School of Communication, Beijing Information Science and Technology University, Beijing, China.
Key Laboratory of the Ministry of Education for Optoelectronic Measurement Technology and Instrument, Beijing, China.
PLoS One. 2024 Feb 13;19(2):e0296992. doi: 10.1371/journal.pone.0296992. eCollection 2024.
The current challenges in Synthetic Aperture Radar (SAR) ship detection tasks revolve around handling significant variations in target sizes and managing high computational expenses, which hinder practical deployment on satellite or mobile airborne platforms. In response to these challenges, this research presents YOLOv7-LDS, a lightweight yet highly accurate SAR ship detection model built upon the YOLOv7 framework. In the core of YOLOv7-LDS's architecture, we introduce a streamlined feature extraction network that strikes a delicate balance between detection precision and computational efficiency. This network is founded on Shufflenetv2 and incorporates Squeeze-and-Excitation (SE) attention mechanisms as its key elements. Additionally, in the Neck section, we introduce the Weighted Efficient Aggregation Network (DCW-ELAN), a fundamental feature extraction module that leverages Coordinate Attention (CA) and Depthwise Convolution (DWConv). This module efficiently aggregates features while preserving the ability to identify small-scale variations, ensuring top-quality feature extraction. Furthermore, we introduce a lightweight Spatial Pyramid Dilated Convolution Cross-Stage Partial Channel (LSPHDCCSPC) module. LSPHDCCSPC is a condensed version of the Spatial Pyramid Pooling Cross-Stage Partial Channel (SPPCSPC) module, incorporating Dilated Convolution (DConv) as a central component for extracting multi-scale information. The experimental results show that YOLOv7-LDS achieves a remarkable Mean Average Precision (mAP) of 99.1% and 95.8% on the SAR Ship Detection Dataset (SSDD) and the NWPU VHR-10 dataset with a parameter count (Params) of 3.4 million, a Giga Floating Point Operations Per Second (GFLOPs) of 6.1 and an Inference Time (IT) of 4.8 milliseconds. YOLOv7-LDS effectively strikes a fine balance between computational cost and detection performance, surpassing many of the current state-of-the-art object detection models. As a result, it offers a more resilient solution for maritime ship monitoring.

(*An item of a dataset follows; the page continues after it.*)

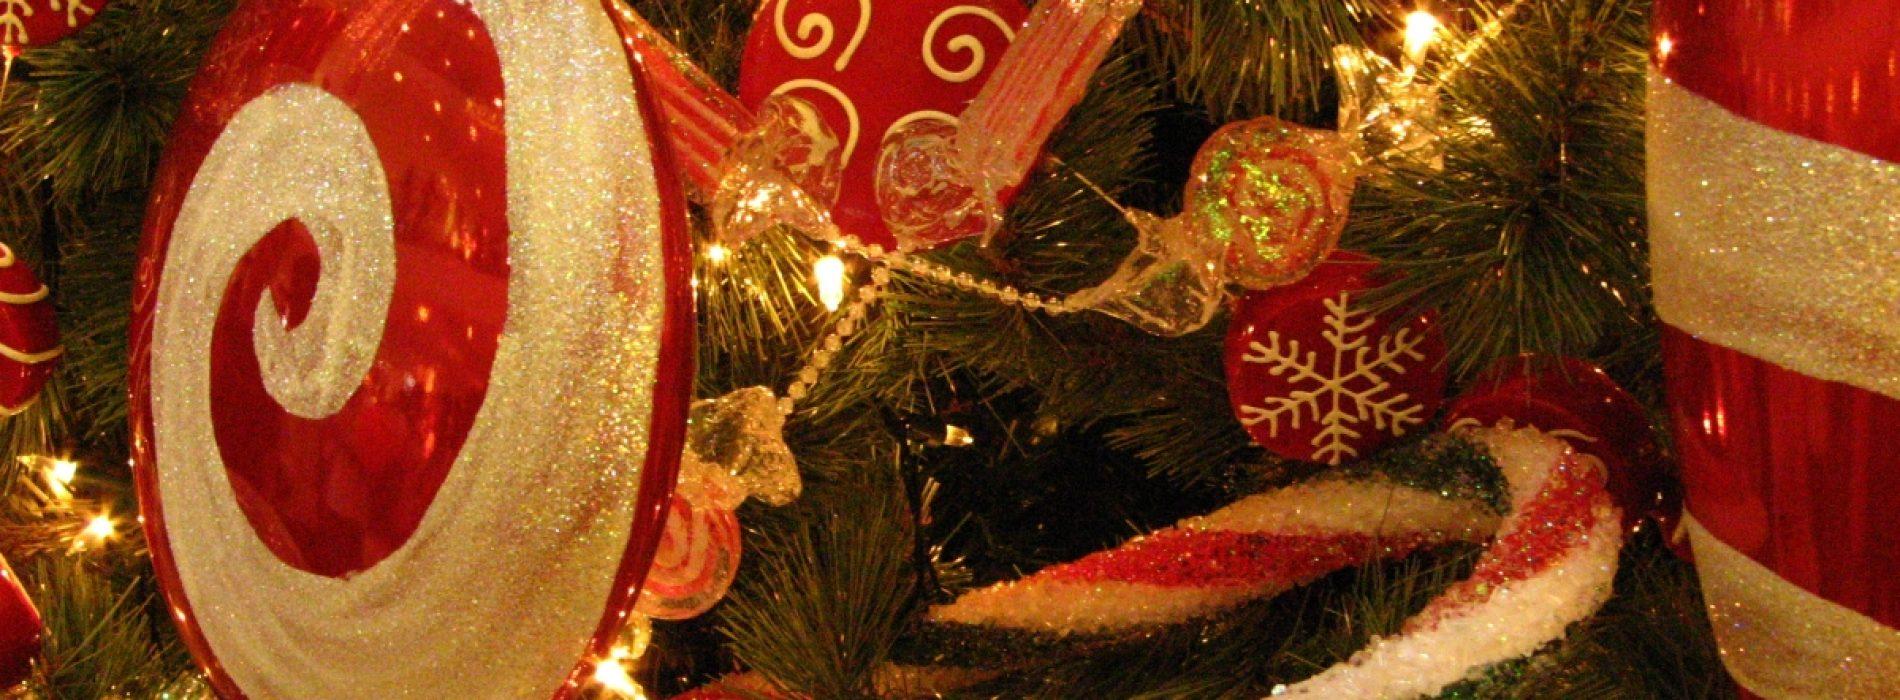 10 teme noi pentru bradul de Crăciun și Sărbători de poveste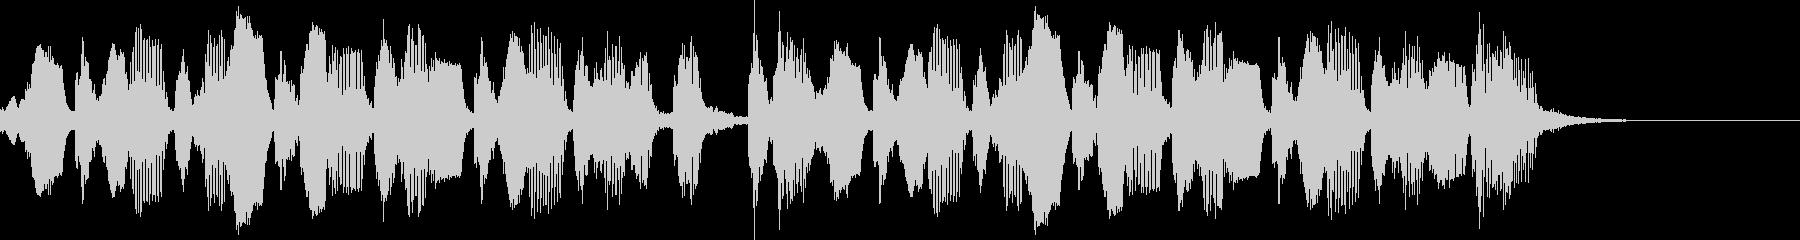 15秒CM/ほのぼのカワイイ子供や小動物の未再生の波形

当前,合成孔径雷达(SAR)船舶检测任务面临的挑战主要在于如何处理目标尺寸的显著变化以及如何管理高计算成本,这些因素阻碍了其在卫星或移动机载平台上的实际部署。针对这些挑战,本研究提出了 YOLOv7-LDS,这是一种基于 YOLOv7 框架构建的轻量级但高度精确的 SAR 船舶检测模型。在 YOLOv7-LDS 的核心架构中,我们引入了一种简化的特征提取网络,该网络在检测精度和计算效率之间取得了微妙的平衡。该网络基于 ShuffleNetv2,并采用 Squeeze-and-Excitation(SE)注意力机制作为其关键元素。此外,在 Neck 部分,我们引入了 Weighted Efficient Aggregation Network(DCW-ELAN),这是一种基本的特征提取模块,利用坐标注意力(CA)和深度卷积(DWConv)。该模块有效地聚合了特征,同时保留了识别小尺度变化的能力,确保了高质量的特征提取。此外,我们还引入了一种轻量级的 Spatial Pyramid Dilated Convolution Cross-Stage Partial Channel(LSPHDCCSPC)模块。LSPHDCCSPC 是 Spatial Pyramid Pooling Cross-Stage Partial Channel(SPPCSPC)模块的精简版本,其中包含 Dilated Convolution(DConv)作为提取多尺度信息的核心组件。实验结果表明,在 SAR 船舶检测数据集(SSDD)和 NWPU VHR-10 数据集上,YOLOv7-LDS 分别实现了 99.1%和 95.8%的平均精度(mAP),其参数量(Params)为 340 万,每秒浮点运算次数(GFLOPs)为 6.1,推理时间(IT)为 4.8 毫秒。YOLOv7-LDS 在计算成本和检测性能之间实现了有效的平衡,超越了许多当前的先进目标检测模型。因此,它为海上船舶监测提供了更具弹性的解决方案。